On 12/03/2020 16:37, Jason Gunthorpe wrote:
On Thu, Mar 12, 2020 at 04:16:33PM +0000, Steven Price wrote:
Actually, while you are looking at this, do you think we should be
adding at least READ_ONCE in the pagewalk.c walk_* functions? The
multiple references of pmd, pud, etc without locking seems sketchy to
me.
I agree it seems worrying. I'm not entirely sure whether the holding of
mmap_sem is sufficient,
I looked at this question, and at least for PMD, mmap_sem is not
sufficient. I didn't easilly figure it out for the other ones
I'm guessing if PMD is not safe then none of them are.
this isn't something that I changed so I've just
been hoping that it's sufficient since it seems to have been working
(whether that's by chance because the compiler didn't generate multiple
reads I've no idea). For walking the kernel's page tables the lack of
READ_ONCE is also not great, but at least for PTDUMP we don't care too much
about accuracy and it should be crash proof because there's no RCU grace
period.

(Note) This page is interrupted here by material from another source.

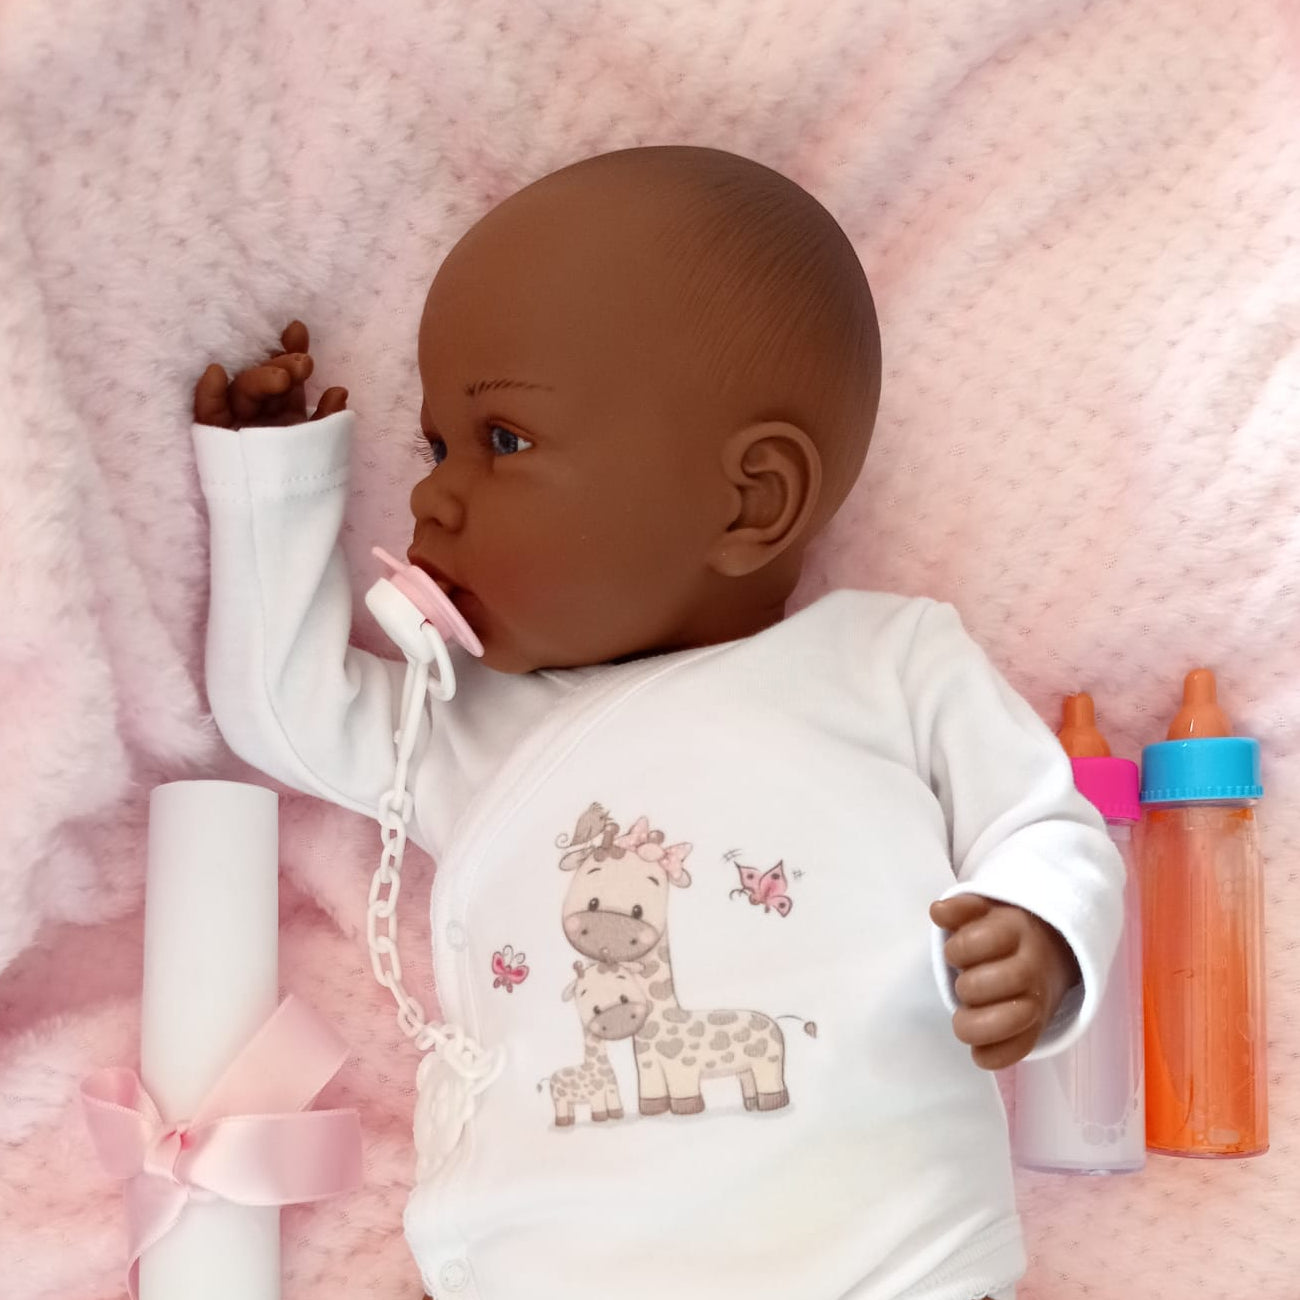 Reborn Baby Doll Reborn Africa - 48CM and 2KG - VINYL and HEAD FALL EFFECT

And again the code I was replacing didn't have any special
protection.
I can't see any harm in updating the code to include READ_ONCE and I'm happy
to review a patch.
The reason I ask is because hmm's walkers often have this pattern
where they get the pointer and then de-ref it (again) then
immediately have to recheck the 'again' conditions of the walker
itself because the re-read may have given a different value.
Having the walker deref the pointer and pass the value it into the ops
for use rather than repeatedly de-refing an unlocked value seems like
a much safer design to me.
Yeah that sounds like a good idea.
If this also implicitly relies on a RCU grace period then it is also
missing RCU locking...
True - I'm not 100% sure in what situations a page table entry can be
freed. Anshuman has added locking to deal with memory hotplug[1]. I
believe this is sufficient.
[1] bf2b59f60ee1 ("arm64/mm: Hold memory hotplug lock while walking for
kernel page table dump")
I also didn't quite understand why walk_pte_range() skipped locking
the pte in the no_vma case - I don't get why vma would be related to
locking here.
The no_vma case is for walking the kernel's page tables and they may
have entries that are not backed by struct page, so there isn't
(reliably) a PTE lock to take.
I also saw that hmm open coded the pte walk, presumably for
performance, so I was thinking of adding some kind of pte_range()
callback to avoid the expensive indirect function call per pte, but
hmm also can't have the pmd locked...
Yeah the callback per PTE is a bit heavy because of the indirect
function call. I'm not sure how to optimise it beyond open coding at the
PMD level. One option would be to provide helper functions to make it a
bit more generic.
Do you have an idea of what pte_range() would look like?
Steve